Here, we've split the hidden costs of EVs into two groups: the actual costs borne by EV buyers and those harder to quantify.

Financial Considerations for EV Owners

  • Home EV Charging Station: Electricity is cheaper at home than at public EV charging stations, so much cheaper that if you relied solely on public charging, your per-mile cost would rival that of driving a car with an internal-combustion engine (ICE). Nationwide, typical home charger installations cost between $1,000 and $2,000, but homeowners can claim 30% of that cost up to $1,000 as a tax credit.
  • Repair Cost: Various news outlets place maintenance costs for electric vehicles at around half of their ICE counterparts, but for EVs needing major repair or that are involved in crashes, that balance seesaws back to favor gas-fueled cars. Several factors inflate average repair costs for EVs, such as fewer licensed repair shops and technicians, more specialized tools and training for those that do exist, more exotic lightweight materials, and pricey sensors. As electric vehicles become more common and the repair industry catches up, costs will likely decrease.
  • Insurance: With higher repair costs come higher insurance rates. Many news publications report an average insurance premium about 20% higher for an EV than a comparably priced ICE car. This is due not only to the higher repair costs but also a shortage of risk-assessment data for insurers to base their rates upon.
  • Registration Fees: Upkeep and expansion of roads and other national infrastructure is largely funded through taxes on fuel. Since EVs don't use fuel, many states charge annual registration fees for EVs as a sort of lump-sum gas-tax equalizer. They range from just under $100 to more than $200. In Texas, for example, there is now a $400 initial registration fee and $200 annual fee thereafter, which are applied to the state highway fund.
  • Charging Variability: The cost to charge an EV is variable in the same way that gas at one station might be 5 to 10 cents cheaper than at one around the corner. Electricity costs less in some regions of the country than in others, but the volatility goes deeper with EVs. Some charging networks charge by the minute, meaning it will cost more to pump the same 30 KWh into a Mini Cooper than it does for a GMC Hummer EV because the latter's 350-kW onboard charger can inhale that amount of juice faster than the Mini's 50-kW charger.
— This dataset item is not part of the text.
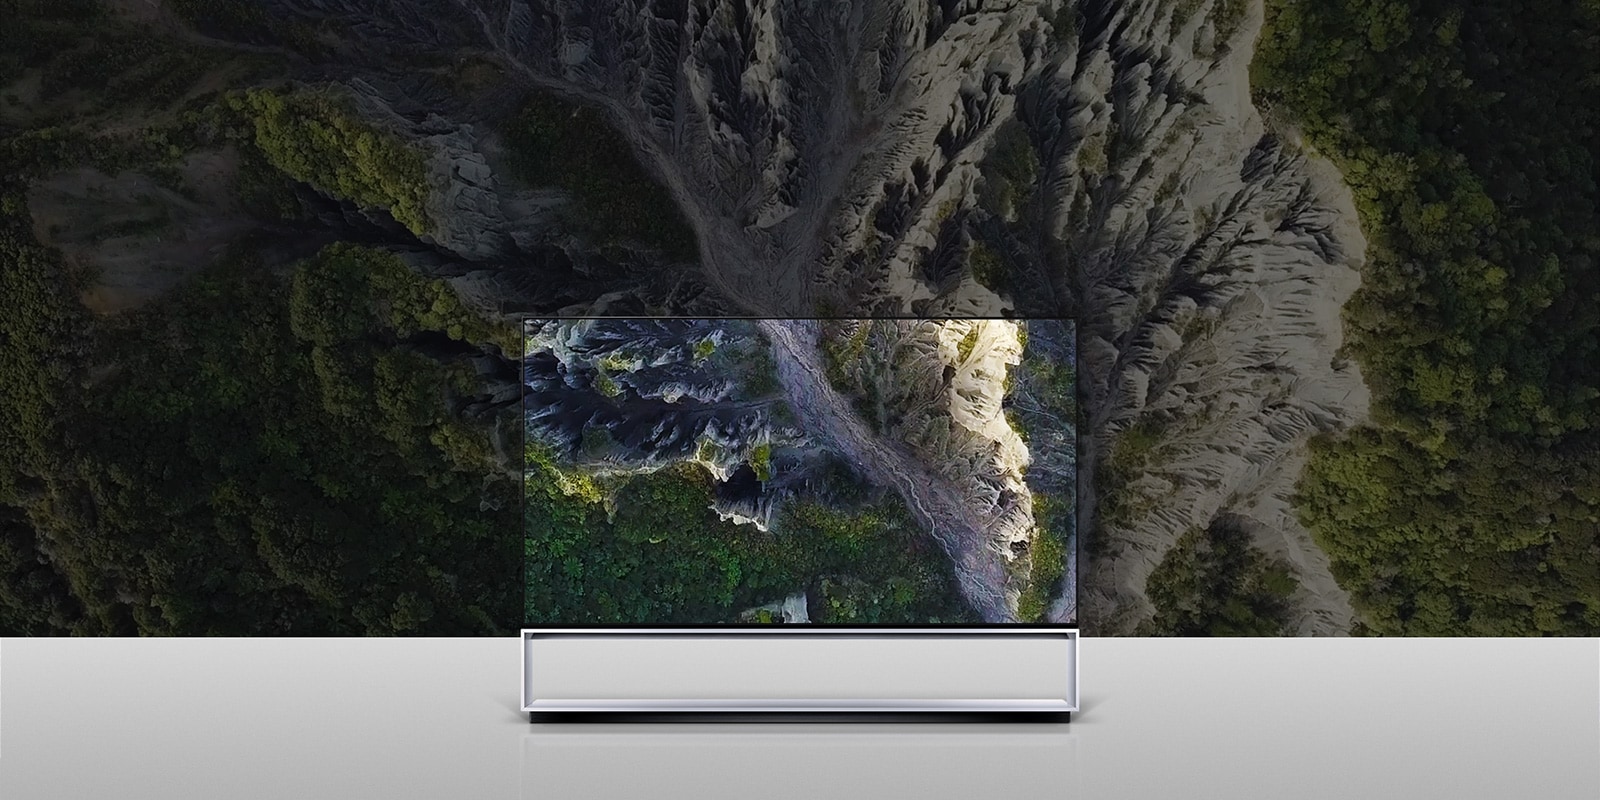 Billede af LG SIGNATURE OLED TV Z9 med skærmen fyldt med en kløft.

Less-Quantifiable Costs of Electric Vehicles

  • Charging Emissions: Generating power generates emissions. While EVs don't spew harmful gas into the air, the power plants that replenish EV battery packs do. The emissions attributable to an EV depend on the mix of power plants serving its local grid. This from the Union of Concerned Scientists can tell you how clean an EV in your area really is.
  • Manufacturing Emissions: Lithium-ion batteries are messy to produce. Some analyses place the greenhouse-gas emissions from the manufacture of an EV at about 70% higher than those from manufacturing a gas-powered car. The batteries are responsible for most of that excess. And when the batteries wear out, they'll need to be recycled. There's talk about the lack of a recycling infrastructure, but the industry's response is calm. Battery recycling infrastructure isn't up to speed because the packs should last 10 years or more. There simply isn't critical mass to support a significant recycling apparatus yet. Battery recycling is of tremendous interest to automakers, however, and third-party recyclers are already realizing methods that recover 80% or more of a pack's essential metals. Look for big advancements in battery recycling as more EVs hit the road.
  • Geopolitical Unpleasantness: Many of the metals required to make batteries and electric motors are rare and expensive, and the global supply chain is already strained at current manufacturing volumes. To simply replace every car on the road in the U.S. with an EV would require three times the amount of lithium mined globally today. In recent history, lithium mining has a habit of trampling ecosystems, water supplies, and indigenous populations.
  • Strain on Infrastructure: The Telegraph, a British newspaper, sounded the alarm early in 2023 on behalf of a British engineer that the additional weight of EVs could collapse parking garages. That’s a justifiable concern, though perhaps one that has been blown out of proportion. EVs might be heavier, but they're not twice as heavy as gas-fueled vehicles. K.N. Gunalan, who served as president of the American Society of Civil Engineers in 2020, writes on the ACSE website that consumer EVs pose no immediate threat to our nation's roads and bridges. He notes, however, that a proportionate weight gain in commercial vehicles transitioning to electric propulsion would accelerate wear and tear on the nation's roads, 43% of which his organization rates as being in poor or mediocre condition.
  • Road Safety Concerns: A few high-profile EV crashes that resulted in the vehicles catching fire are not indicative of an overall trend. Data from the Bureau of Transportation Statistics and the National Transportation Safety Board indicates that EVs are in fact less likely to ignite in a crash than gas-powered vehicles. Raul Arbelaez with the Insurance Institute for Highway Safety, reports that his team has crash-tested 55 EVs since 2011 and not one has caught fire. The danger posed by EVs to other road users again comes down to their added mass. All crumple zones and structural reinforcements don't change the basics of physics: Heavier vehicles impart more force to other vehicles in collisions. One in the 2010s by the National Bureau of Economic Research concluded that a difference of 1,000 pounds between vehicles correlates to a 47% increase in fatality risk for occupants of the lighter car. The Hyundai Kona, a subcompact, for example, weighs about 800 pounds more in EV form than in ICE form.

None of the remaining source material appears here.